A picture of Clarence Fripp on his return to St. Helena, and a glimpse of his situation from his own point of view, are given in a letter to the New York Nation from Dennett, a special correspondent (see page [320]). Dennett writes that, among the Northern soldiers and traders in the hotel at Hilton Head, there was also "a person who had the easily distinguishable appearance and manners of a South Carolinian. This gentleman, a person of some fifty odd years old, dressed tolerably well in a suit of grey clothes, with a large display of crumpled linen at the collar and cuffs of his coat, sat before the stove smoking, and talking very freely about his present poverty and his plans for the future." After explaining that he had left St. Helena when Dupont forced an entrance, leaving his plate and furniture behind, and that his plantation had been sold, Dr.
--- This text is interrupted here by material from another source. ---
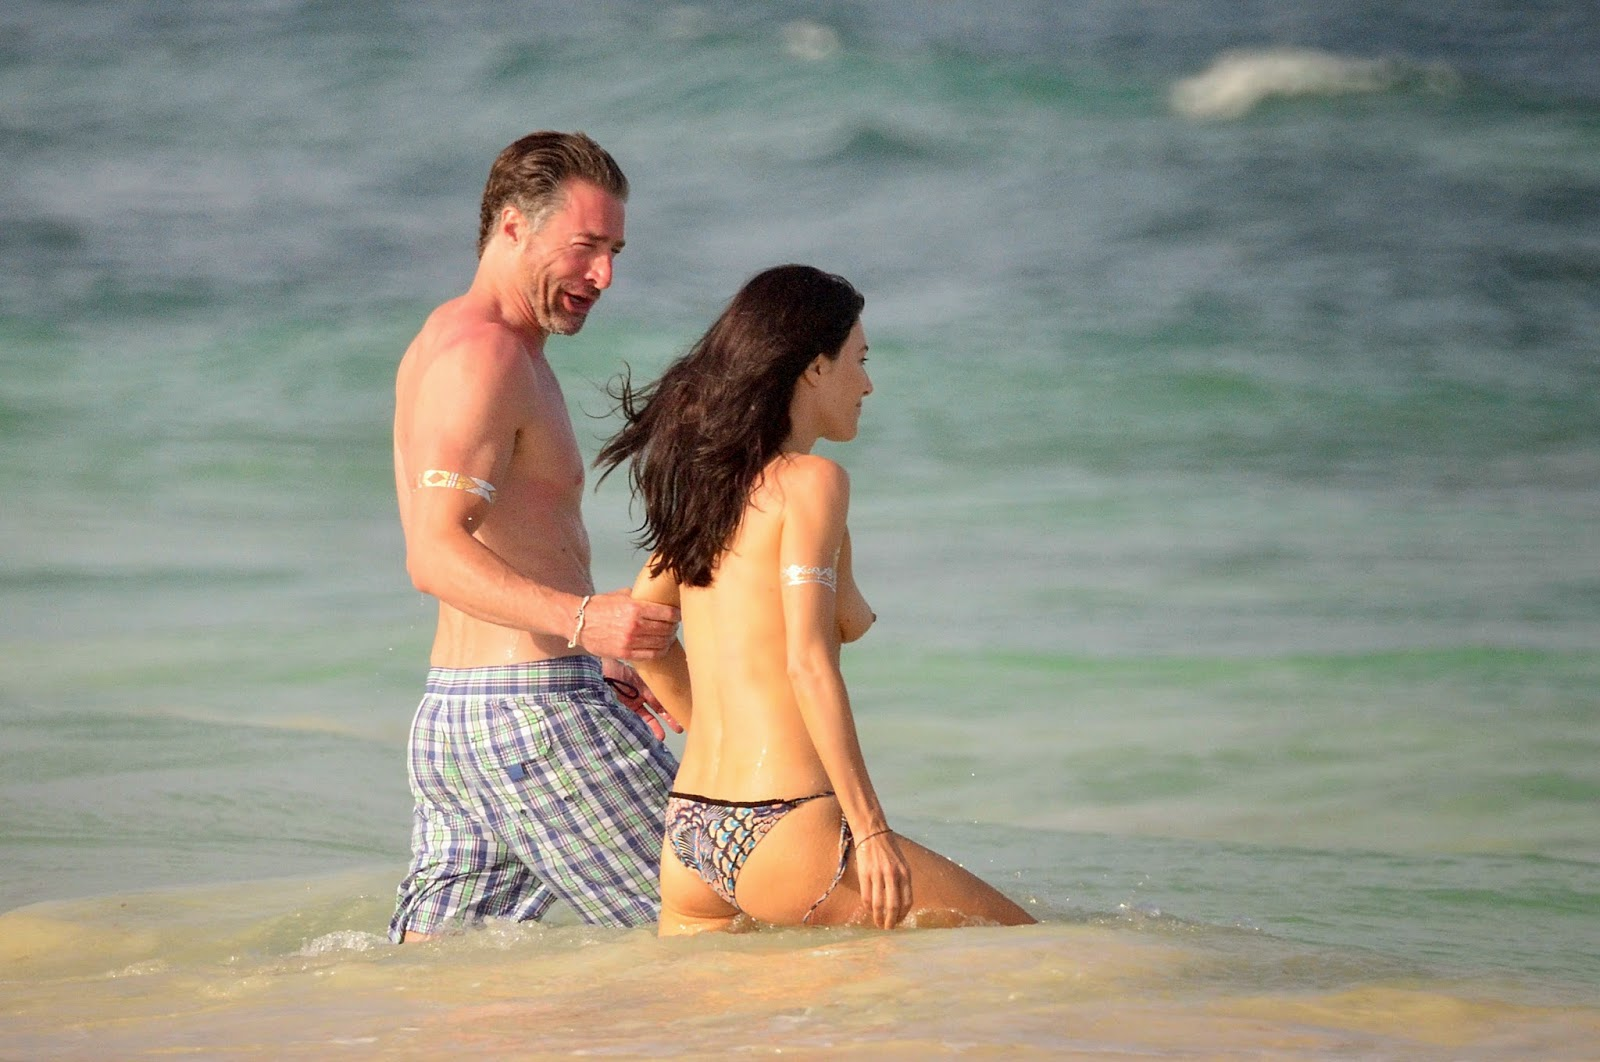 Jaime murray bikini casses, payes

Fripp set forth the situation in which he now found himself. "Some Massachusetts man had bought it, and he didn't know when he'd get it back.... Up in Greenville he soon spent all his money to support his family, but if he'd had money he couldn't have saved his property. How was he to come back inside the Yankee lines and pay the tax? The Commissioners knew very well it couldn't be done; the sale was a perfectly unfair thing." In coming back now to Beaufort, he said "he hoped to be able to pick up a little medical practice; but if his profession failed him, he supposed his son and himself could put up a cabin somewhere in the vicinity, and get fish and oysters enough to live on." He even talked of circulating a handbill at Greenville asking for money for his needs, and Dennett adds: "This gentleman, it is currently reported, has made several visits to the plantation which he formerly owned, and the negroes living there have collected for his use nearly a hundred dollars."[190]